Part List
20mm Aluminum Extrusion (~4–5 meters)
The structural skeleton of the entire ASV. Two long rails run fore-to-aft forming the spine of each outer pontoon, and two shorter cross-members connect them laterally to form the deck frame. This is what holds the whole vehicle's shape rigid and gives you mounting points for everything else.
Aluminum Brackets/Connectors
Join the extrusion pieces together at 90-degree angles — specifically where the cross-members meet the pontoon rails. Without these the frame would flex and rack under wave loading.
HDPE Sheet (6mm)
Forms the actual hull panels of your two outer pontoons — bottom face, two side faces, two end caps, and top face of each hollow pontoon box. Also forms the flat deck panel that spans between the two hulls where your electronics enclosure and pump assembly mount. This is the material that actually contacts the water.
Marine Silicone Sealant
Applied to every interior and exterior seam on the HDPE pontoon boxes to make them watertight. If any joint leaks, the hollow pontoon floods and your buoyancy changes mid-mission.
Inspection Port Caps (x2)
One screwed into the top face of each pontoon. Before every deployment you unscrew these, check for any water accumulation inside, drain if needed, and reseal. Your only way to catch a slow leak before it becomes a mission-ending problem.
Stainless Steel Bolts, Nuts and Washers
All fasteners need to be stainless — regular steel corrodes in saltwater within weeks. Used to bolt the HDPE panels to the aluminum extrusion frame and to mount the electronics enclosure and pump assembly to the deck.
Center Intake Fairing (HDPE)
A narrow hydrodynamic shroud cut from leftover HDPE sheet and formed around your intake pipe assembly in the center channel. This is what makes it a proper trimaran rather than just a pipe hanging in the water — it gives the center element a clean shape that cuts through water rather than dragging through it and creating turbulence near your intake.
IP67 Waterproof Electronics Enclosure
Mounts on the deck between the two pontoons. Houses your ESP32, relay module, ADS1115, INA219, and SD card module — everything that absolutely cannot get wet. The IP67 rating means it's dust-tight and can handle water immersion, which matters when spray comes over the deck in chop.
Marine-Grade Epoxy (optional but recommended)

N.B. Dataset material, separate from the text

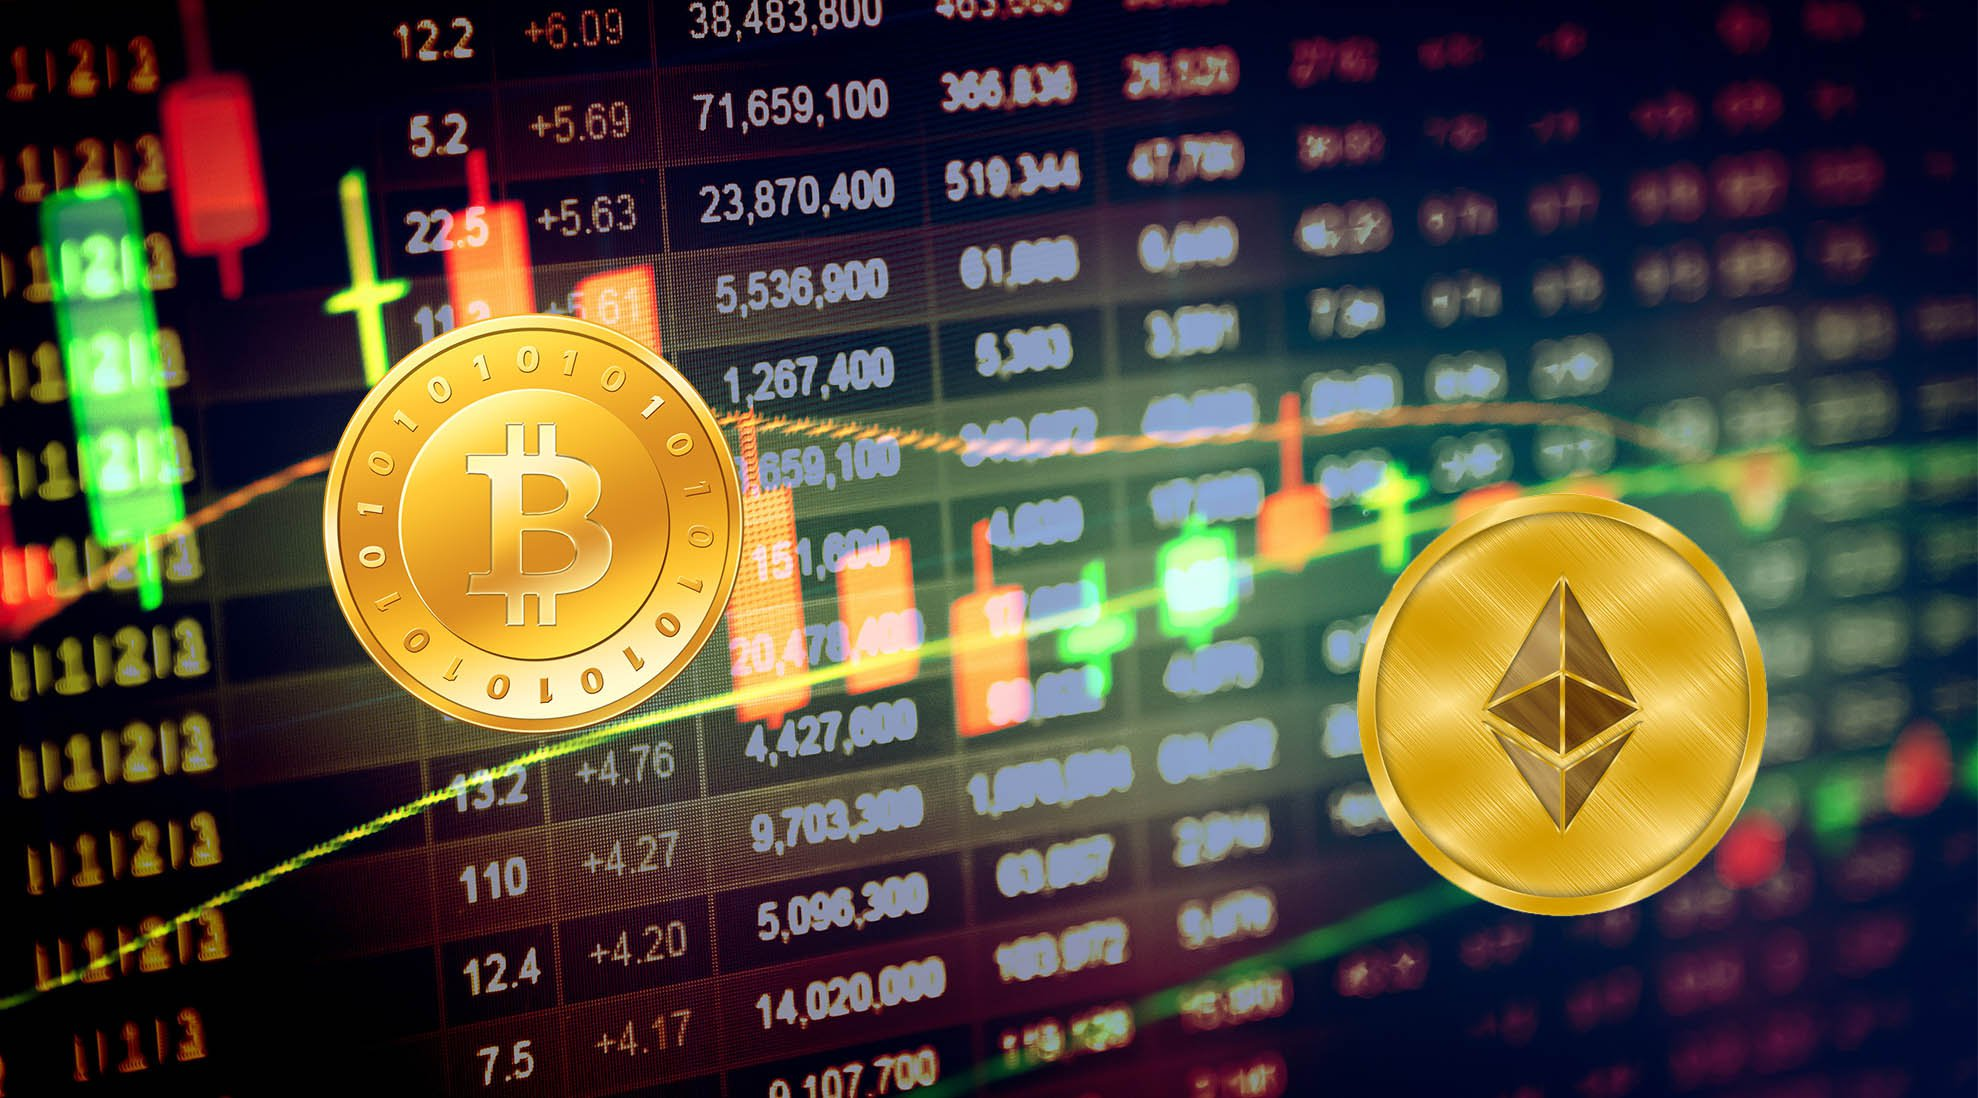 Bitcoin: BTC revisits 11,700 USD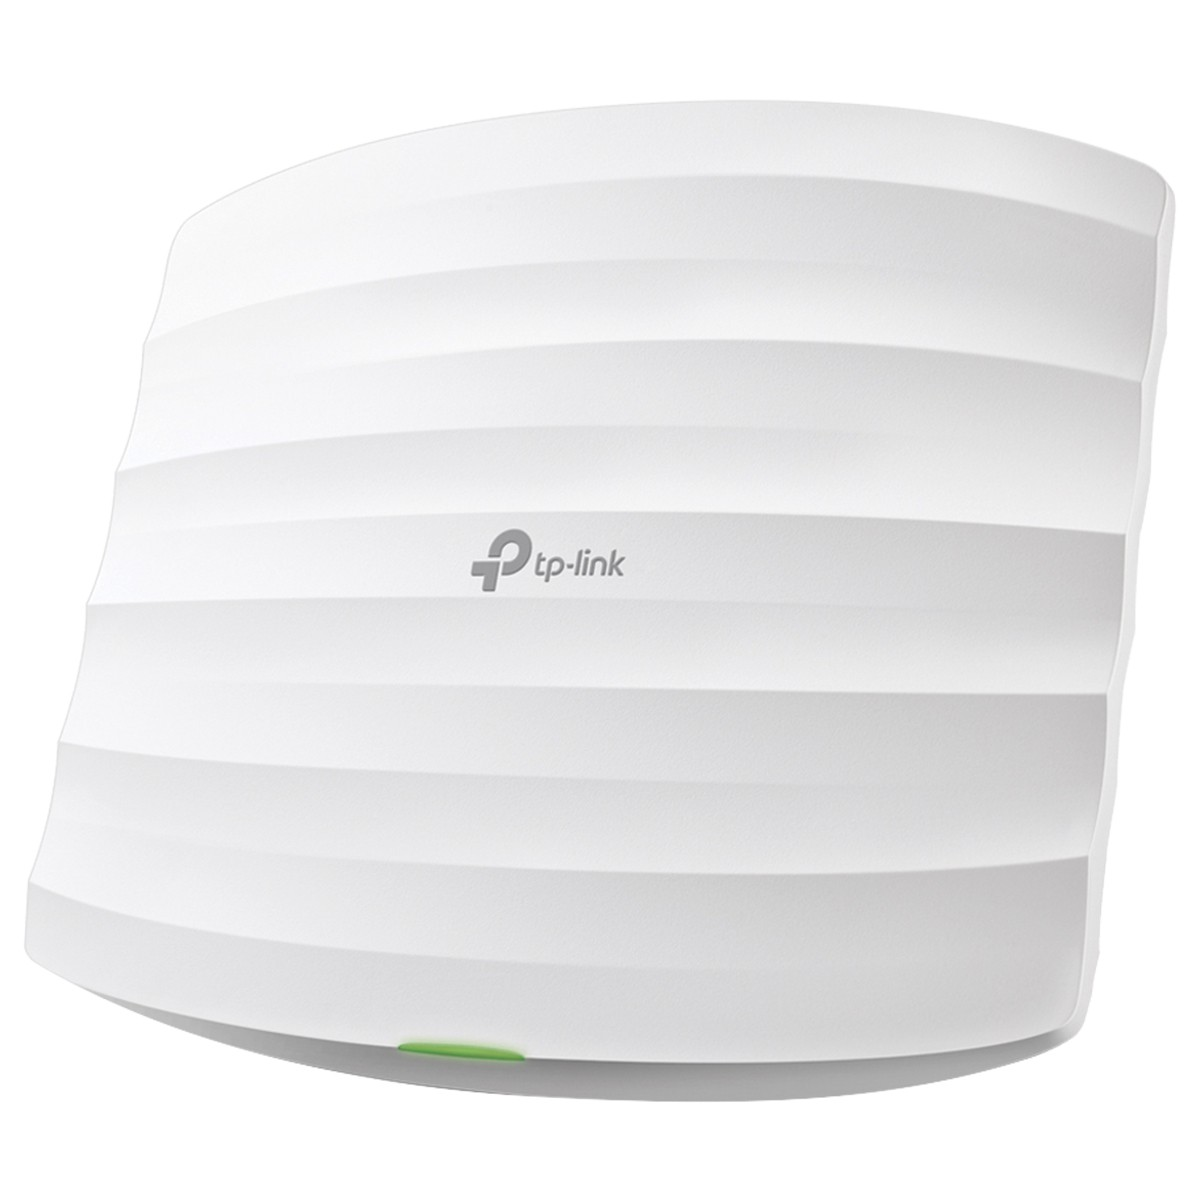 Access Point Wireless N 300MBPS Montavel em Teto EAP110

For bonding the HDPE panels at corners before the silicone goes on, giving the joints structural strength rather than relying on silicone alone. HDPE is notoriously difficult to bond chemically — you'd need to flame-treat or plasma-treat the surface first, so this is optional depending on whether you want the extra structural reinforcement or are relying purely on the aluminum frame for rigidity.